Implementation Considerations

Organizations should take a deliberate approach when implementing TIR45. Below are four foundational steps to ensure successful adoption:

1. Align Your Quality System

Integrate TIR45 principles into your development SOPs. Establish clear definitions for Agile artifacts and explicitly map them to required outputs under IEC 62304.

2. Train Cross-Functional Teams

Your development team must understand the regulatory implications of their workflows, and your quality team must understand how Agile works in practice. A shared vocabulary is critical.

3. Select the Right Tools

Choose a software toolchain that supports traceability, version control, automated testing, and audit logs. Configure these tools to align with regulatory outputs—not just developer convenience.

4. Establish Traceability Protocols

Create a trace matrix that links backlog items to design inputs, risk mitigations, test cases, and verification records. Ensure this matrix is continuously maintained through sprints and releases.


Common Pitfalls to Avoid

ChallengeImpact
Informal or undocumented Agile workflowsInsufficient evidence during audits
Misalignment between QMS and Agile practicesGaps in traceability, risk coverage, or change control
Tool reliance without process governanceAutomated chaos—volume of data without regulatory value
Lack of internal trainingMiscommunication between QA, RA, and R&D

TIR45 is not a shortcut. It is a framework that demands intentional design, cultural alignment, and disciplined execution.


Final Analysis: Is TIR45 the Right Fit for Your Organization?

TIR45 is best suited for organizations that:

  • Develop software-based or software-heavy medical devices.
  • Employ Agile or plan to move toward iterative development.
  • Seek to establish a scalable, auditable, and modern software development process.
  • Are in early growth phases and want to embed compliance into product development—not bolt it on after the fact.
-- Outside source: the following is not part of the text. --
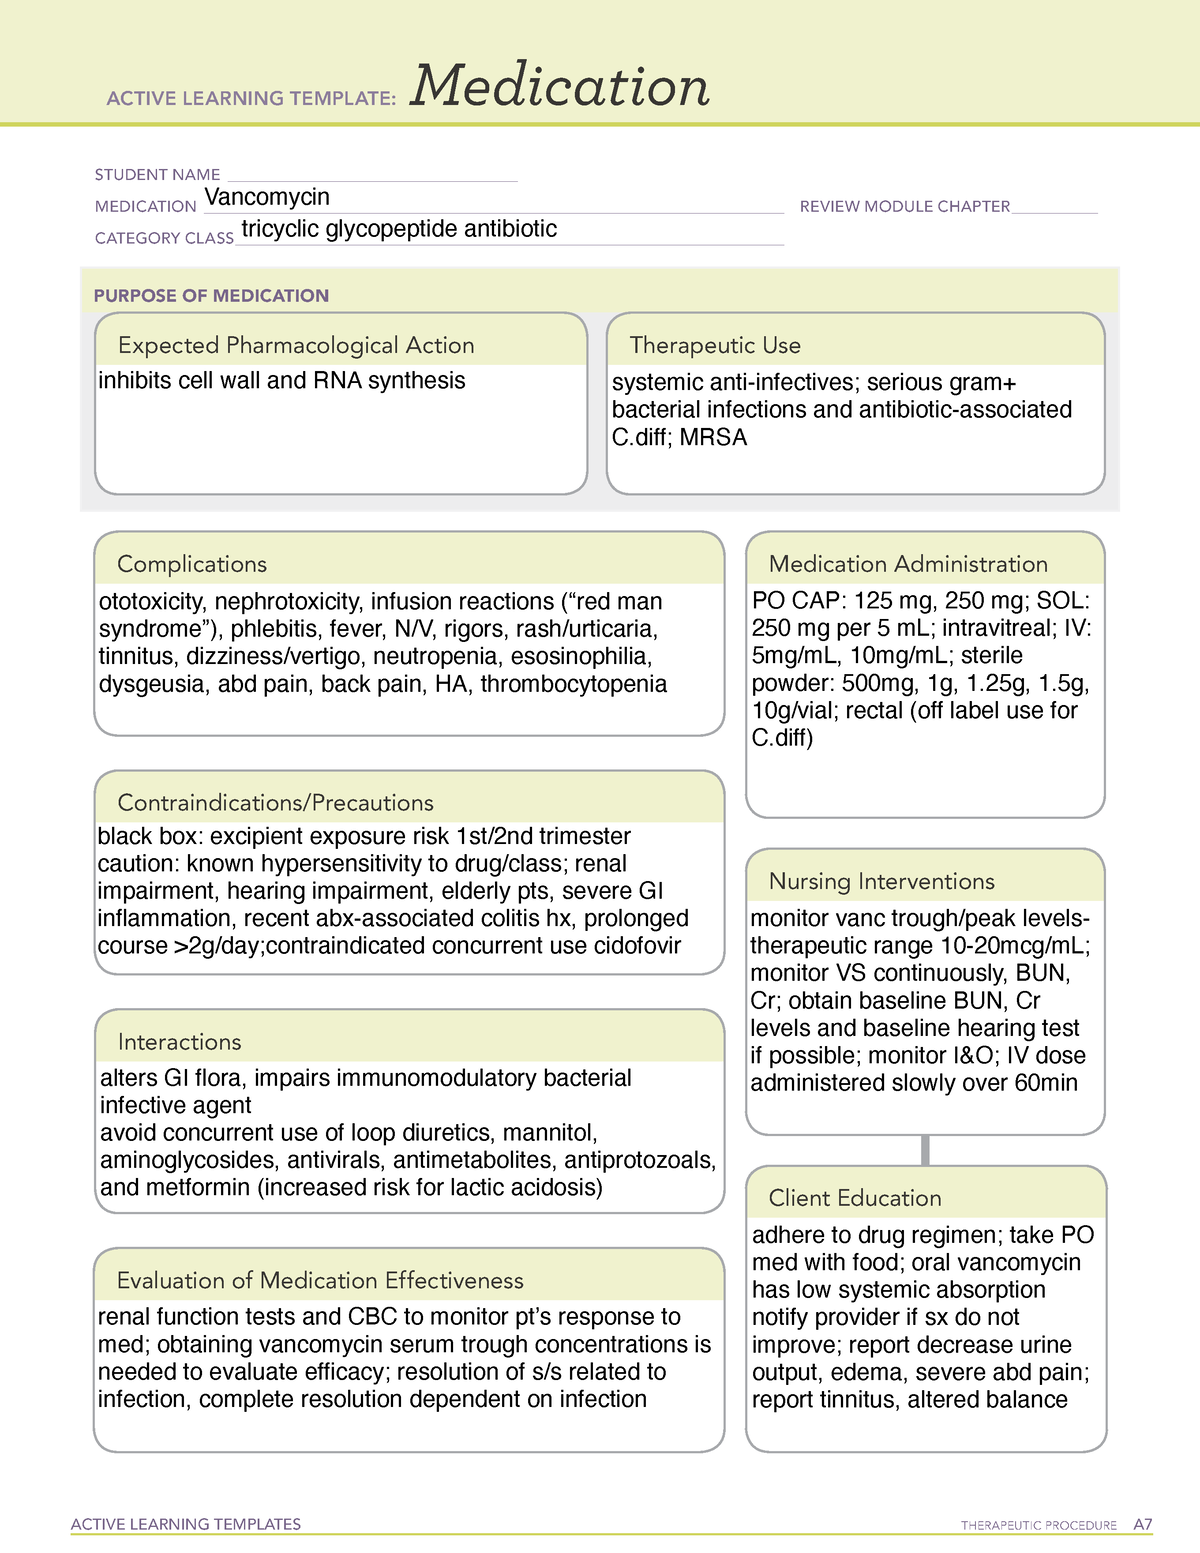 Active Learning Template Medication Vancomycin ACTIVE LEARNING
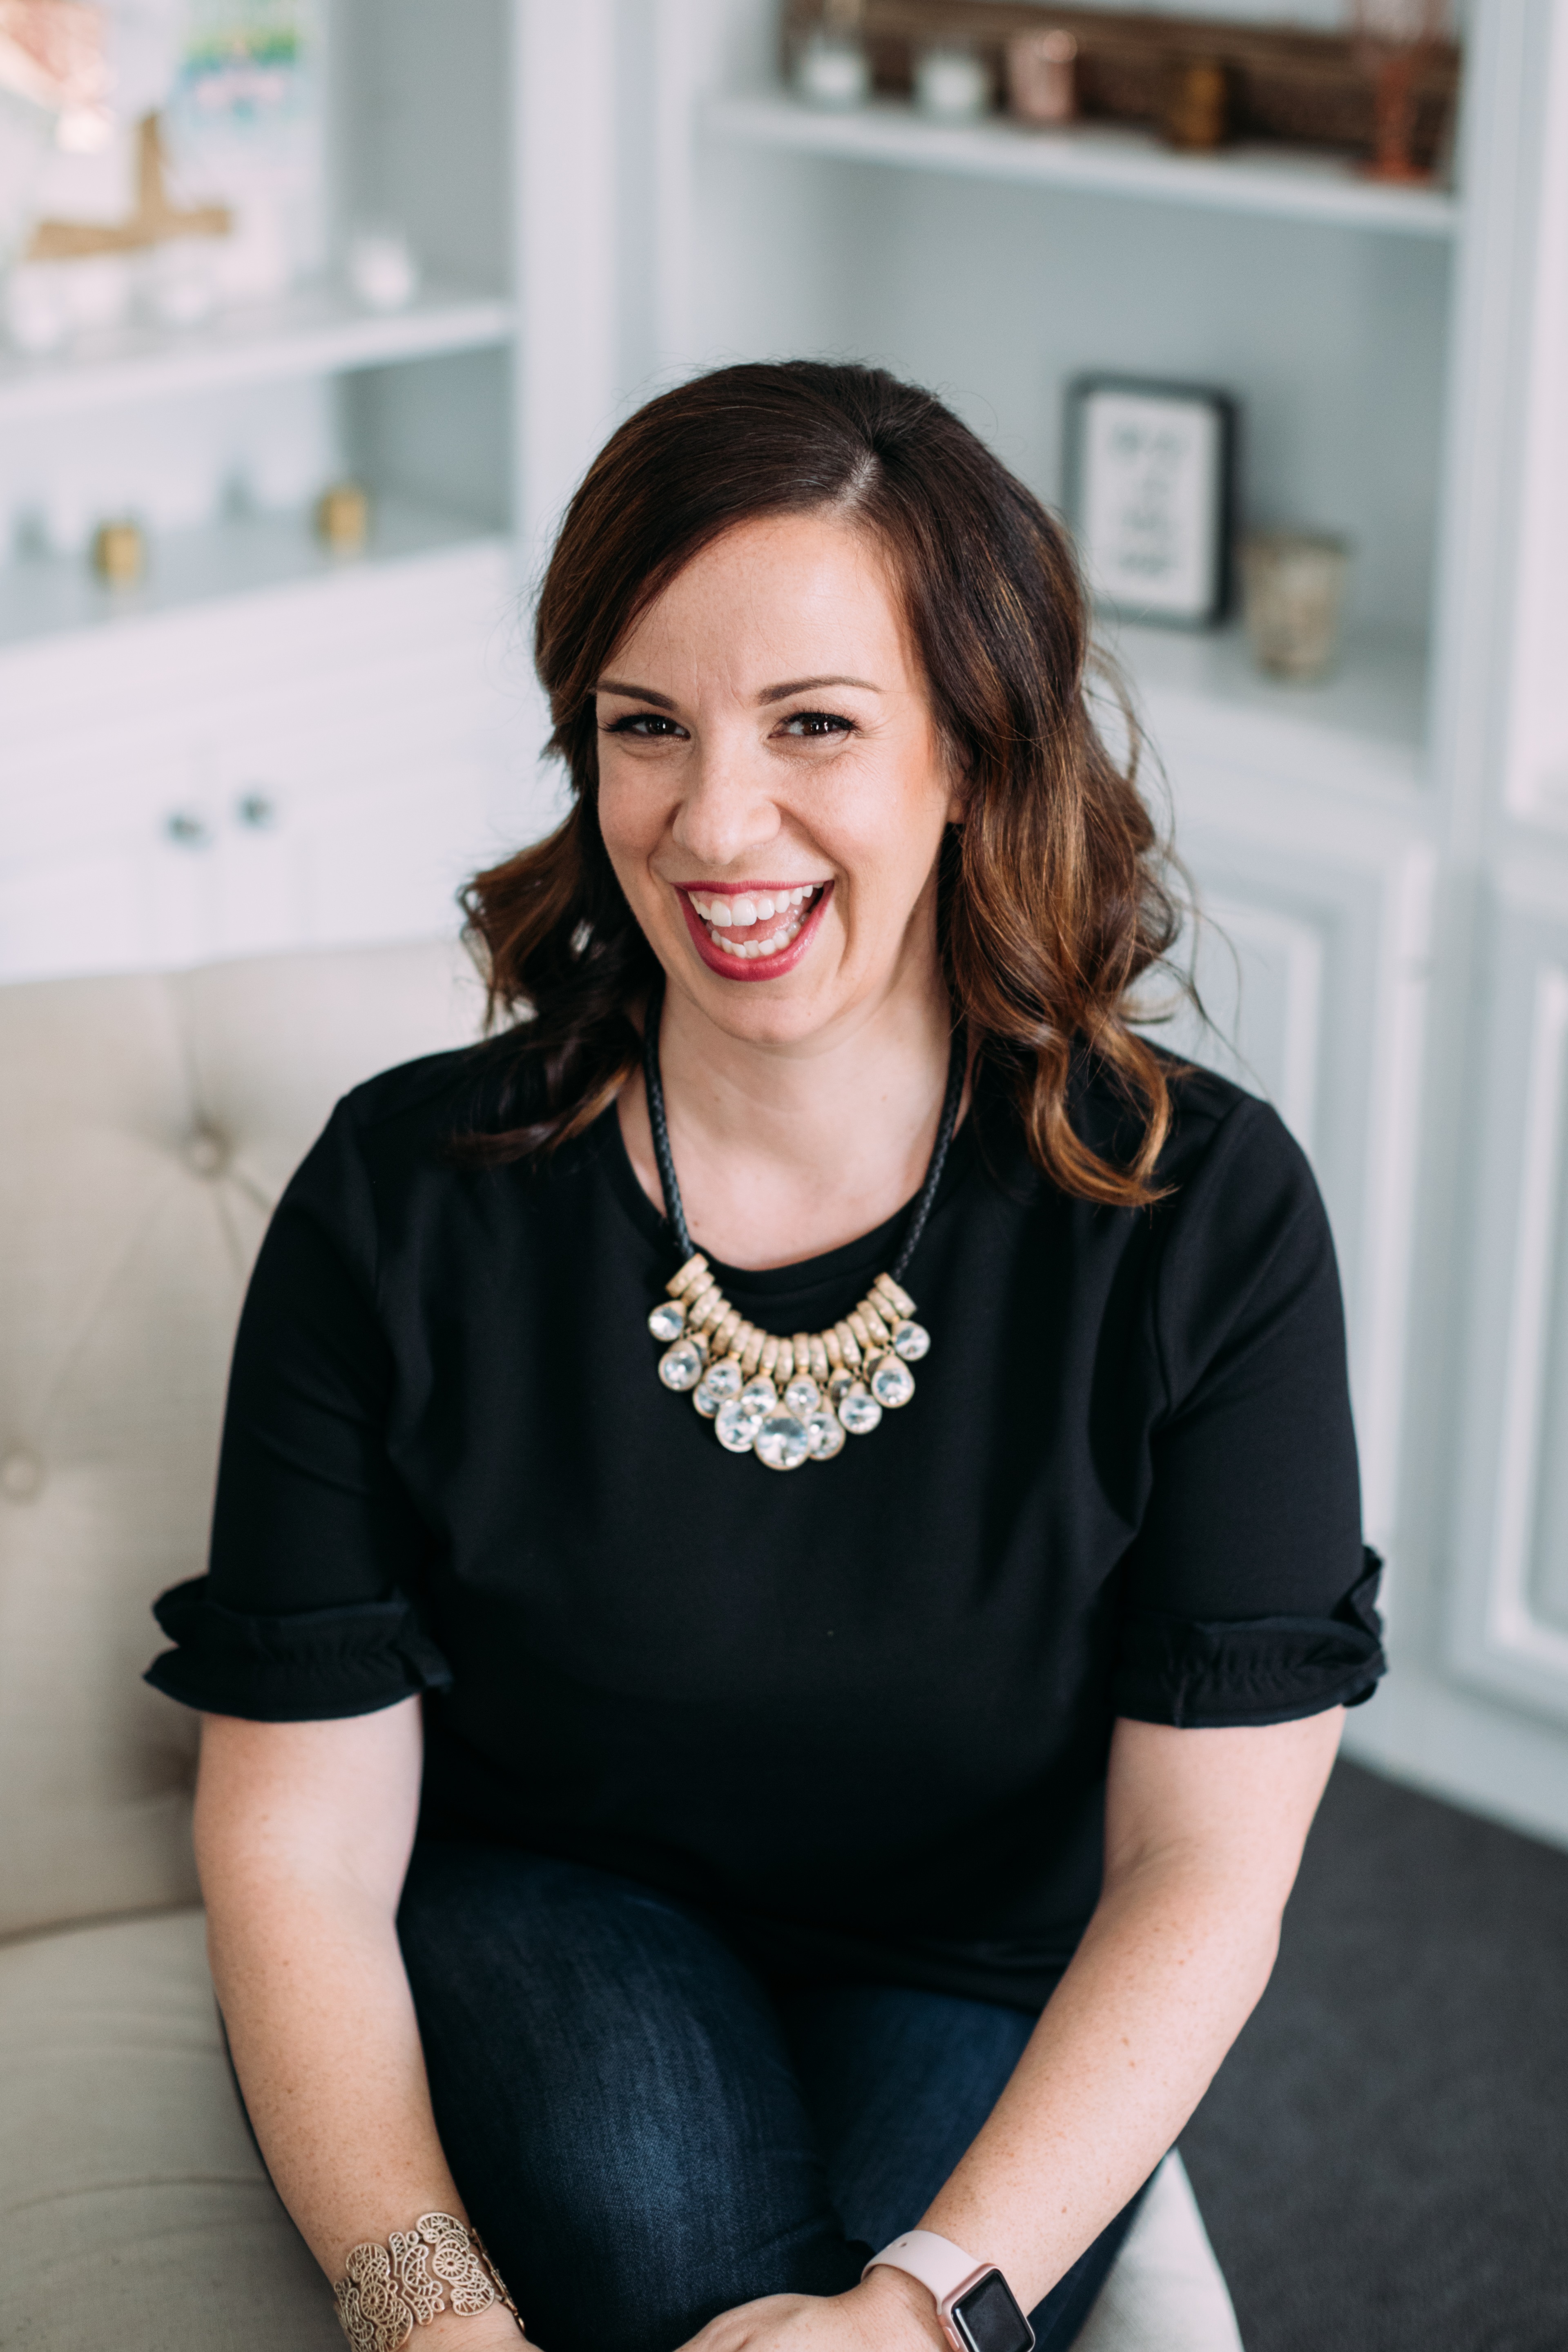 Megan Gillikin from A Southern Soiree and The Weddin gs For Real Podcast shares her business journey. Listen to her story on burnout, pruning your business, discovering what’s important, and balancing it all well. Listen to the episode of The Power in Purpose Podcast, a podcast for creative entrepreneurs #candicecoppola #podcast #weddingpros

TIR45 is not a substitute for IEC 62304, nor does it eliminate the need for traditional quality documentation. However, it is a powerful implementation guide that enables organizations to move quickly without sacrificing regulatory credibility.


Closing Thoughts

The regulatory landscape for digital health is evolving rapidly. Organizations that succeed will not be those that simply follow legacy procedures, but those that can sustain compliance while accelerating innovation.

TIR45, when properly implemented, provides a pathway to do exactly that.

If your organization is building a quality system from the ground up—or adapting legacy processes to support modern development—it is worth taking a serious look at integrating TIR45 into your approach.